§ What you have to do:
Using the records that follow, reproduce exactly the lines starting at the line containing "1840 Victorian mapa" and ending at the line containing "University of Louisiana". Include both end lines and no pictures.

§ Given records:

* * *

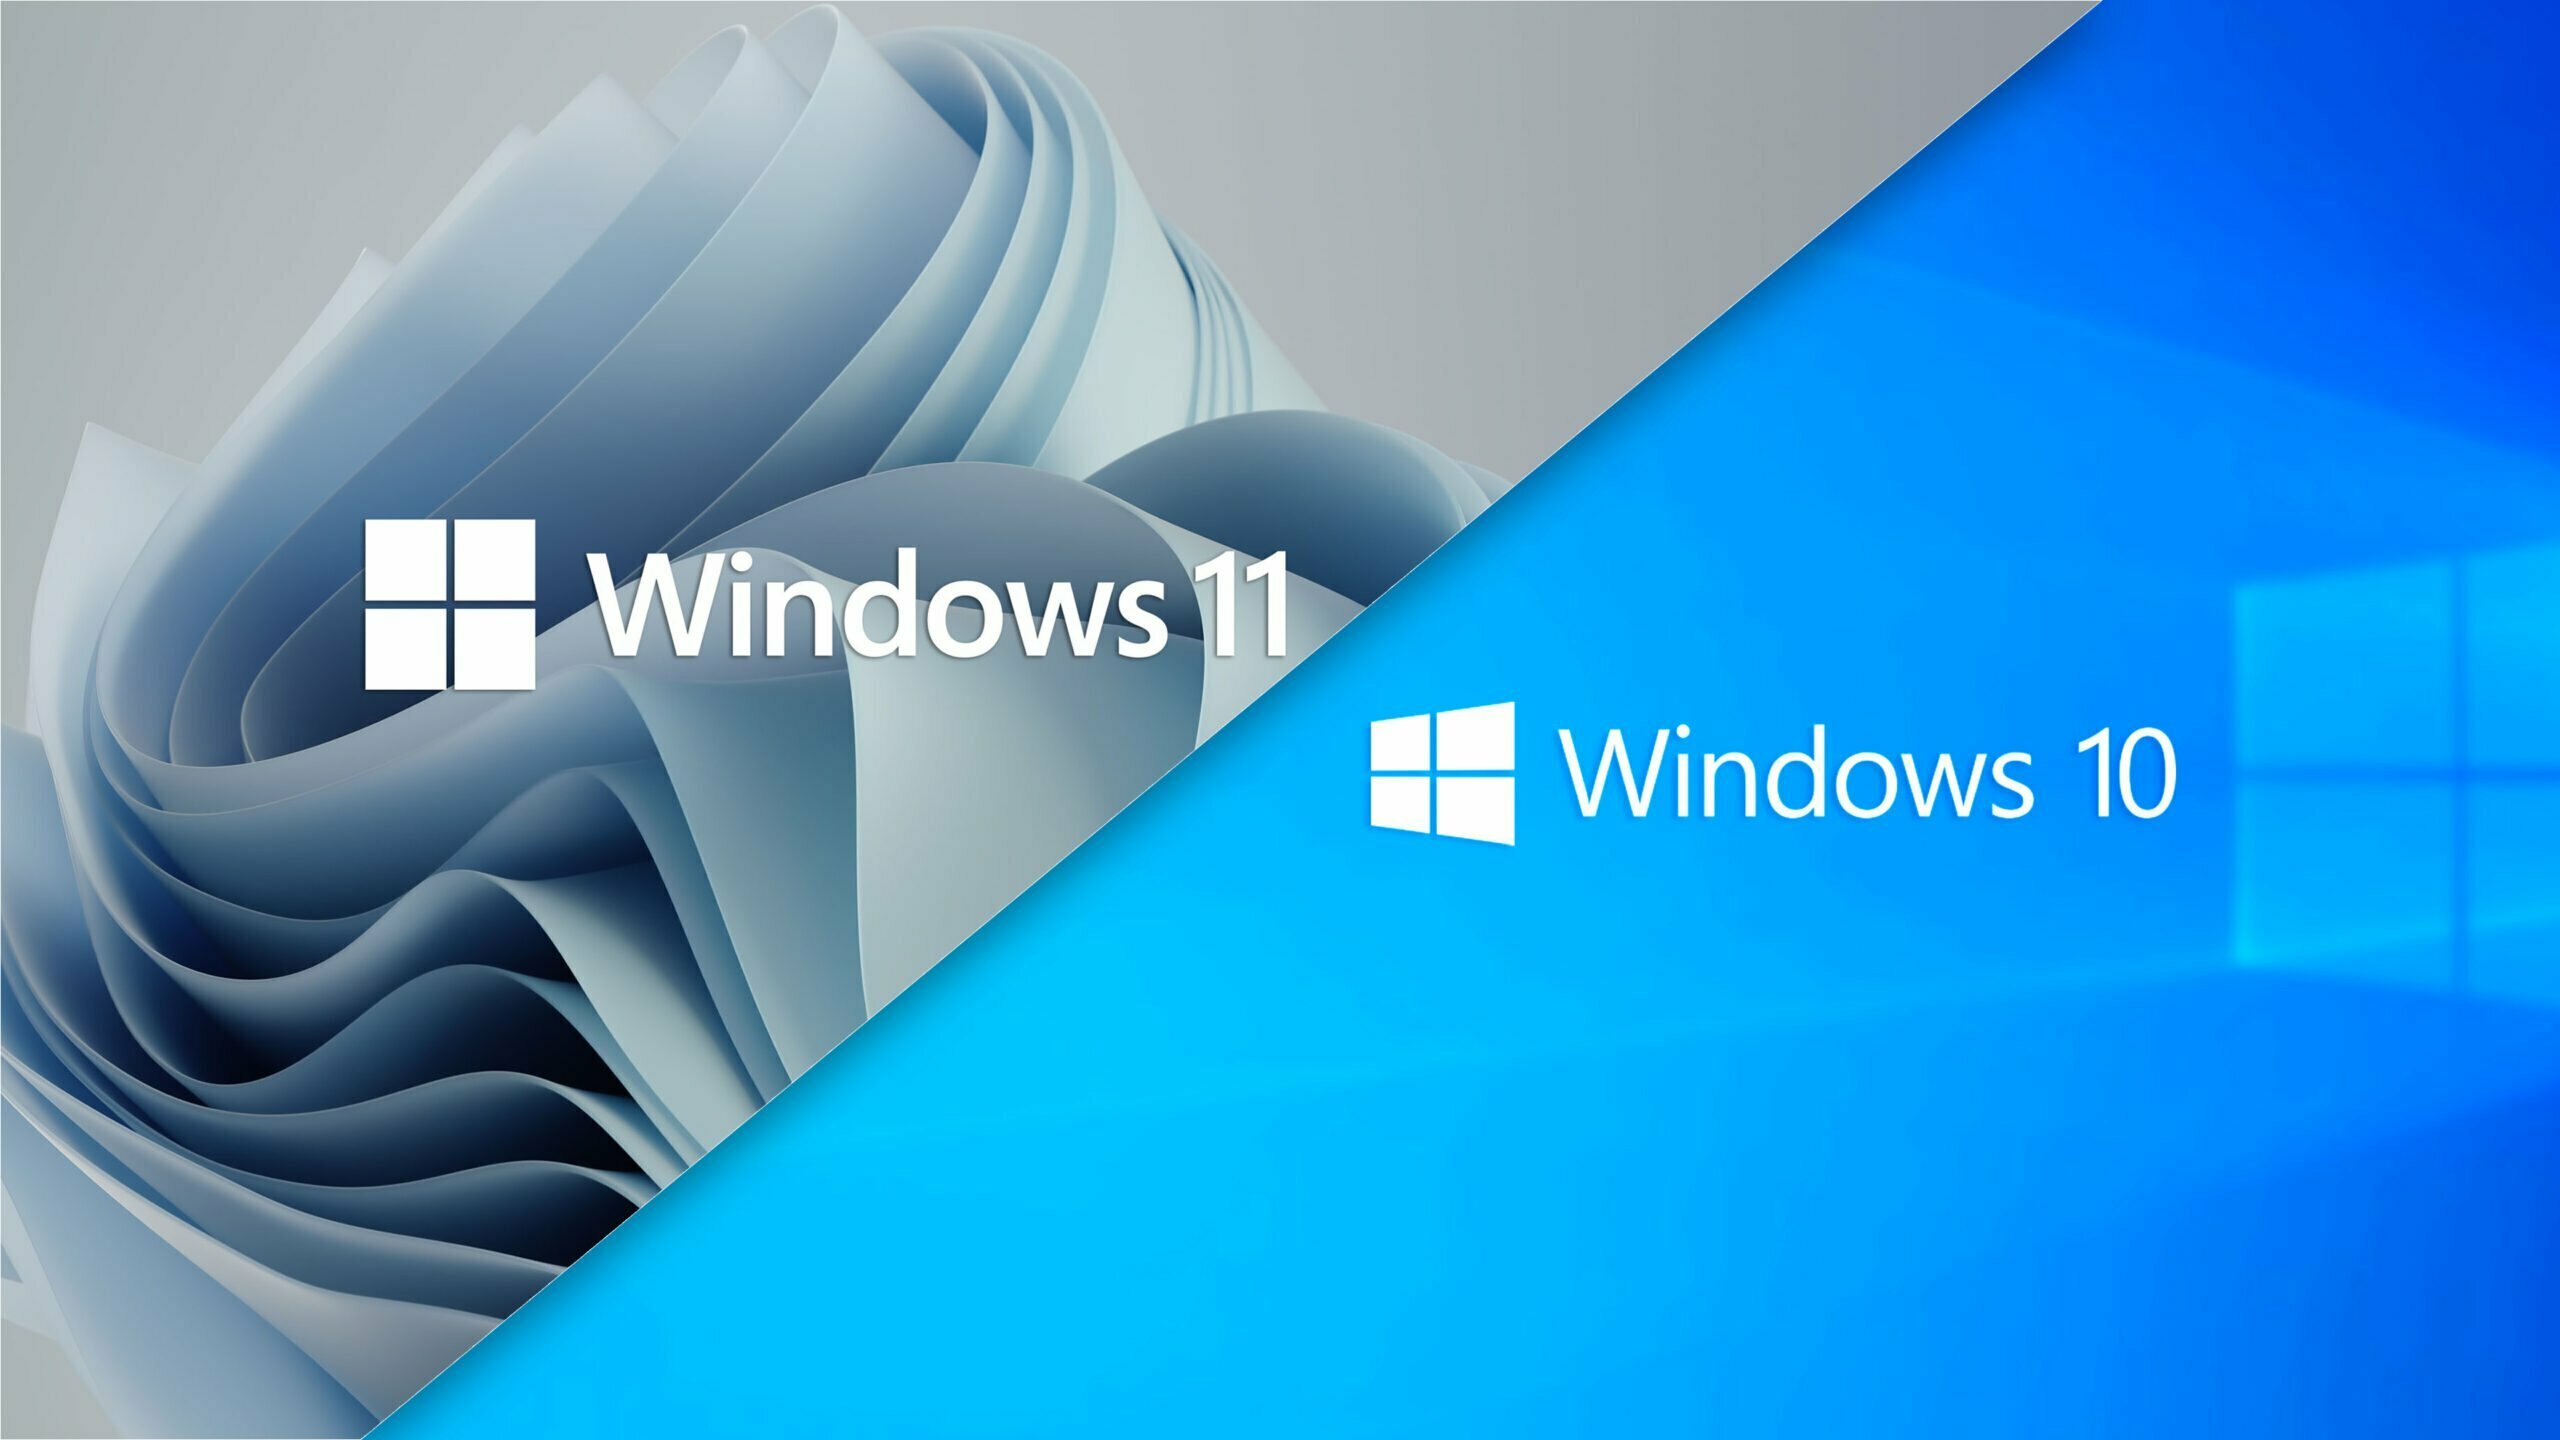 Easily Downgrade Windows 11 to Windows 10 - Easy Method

* * *

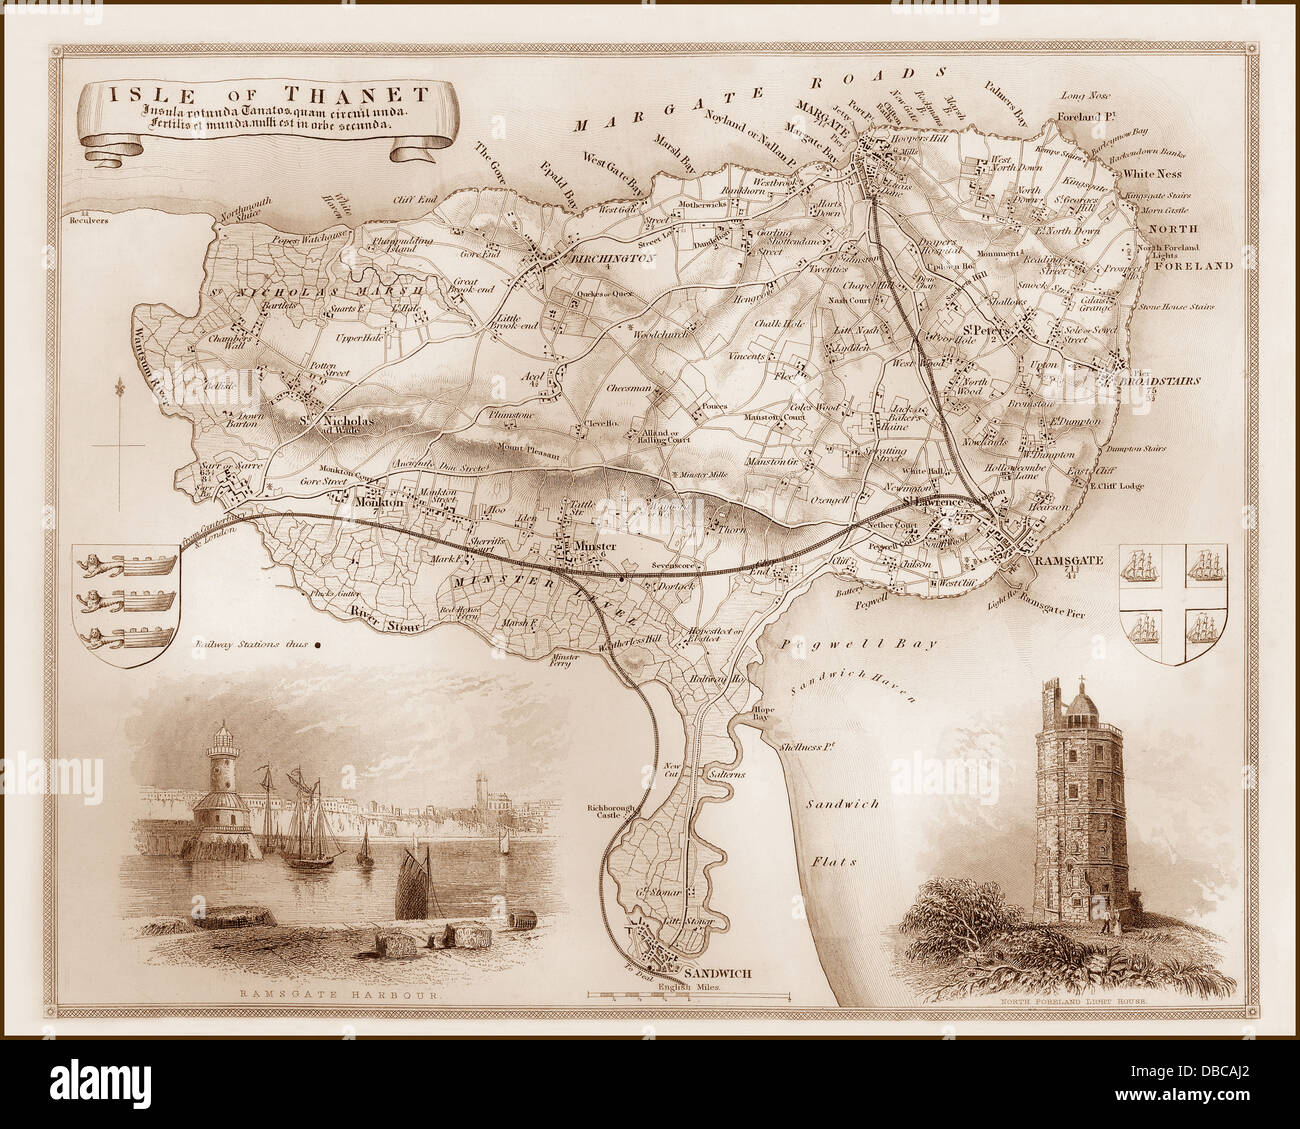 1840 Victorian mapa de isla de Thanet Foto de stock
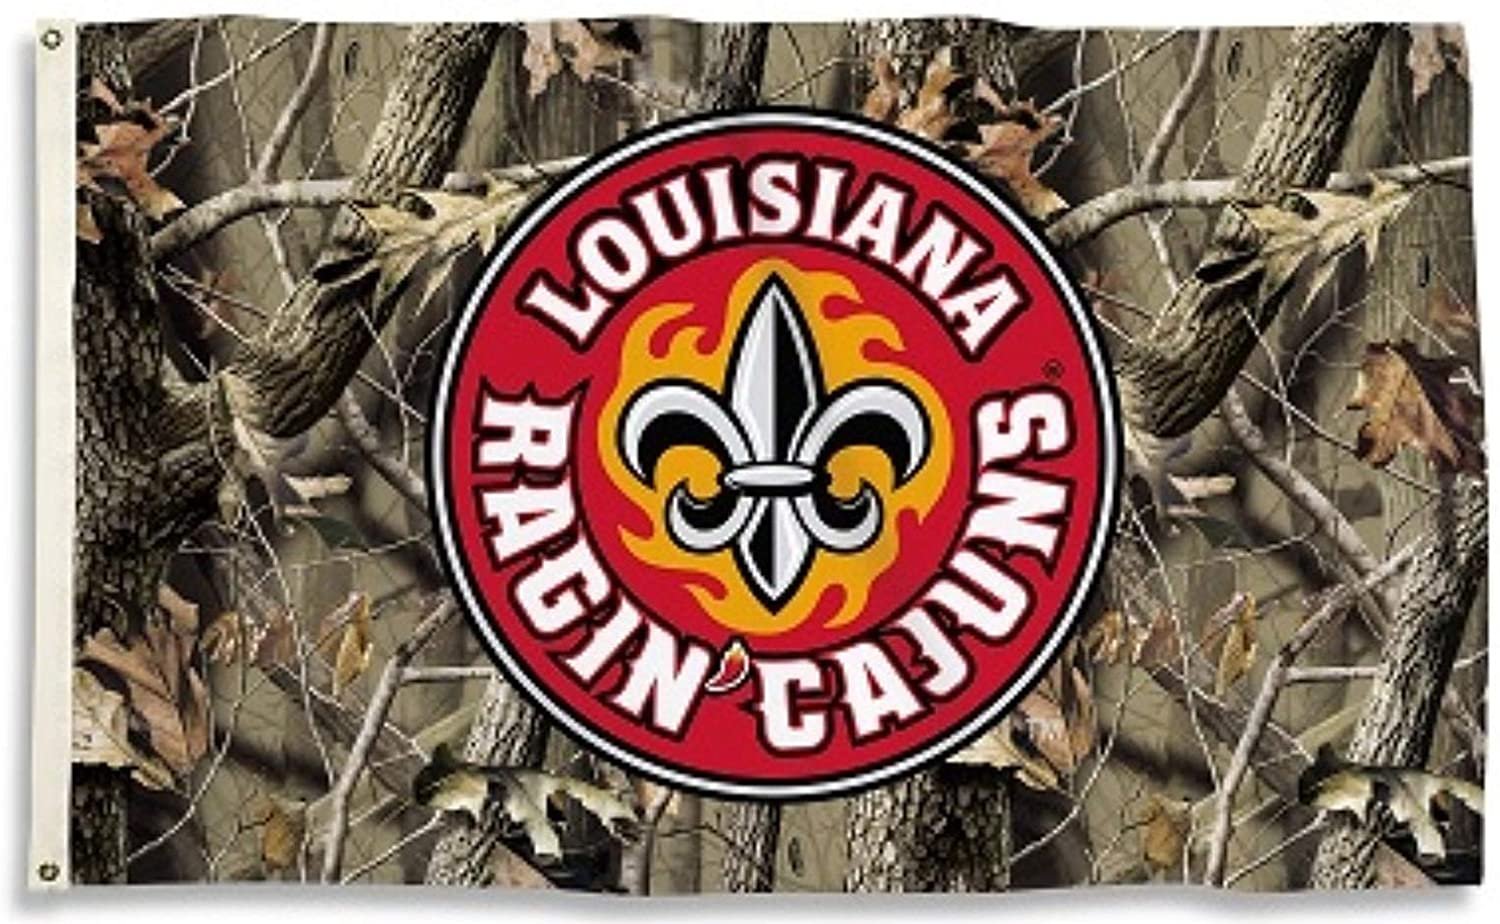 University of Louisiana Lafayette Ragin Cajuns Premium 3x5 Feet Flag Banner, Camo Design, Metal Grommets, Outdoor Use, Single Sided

* * *

§ Solution below:
 1840 Victorian mapa de isla de Thanet Foto de stock
 University of Louisiana Lafayette Ragin Cajuns Premium 3x5 Feet Flag Banner, Camo Design, Metal Grommets, Outdoor Use, Single Sided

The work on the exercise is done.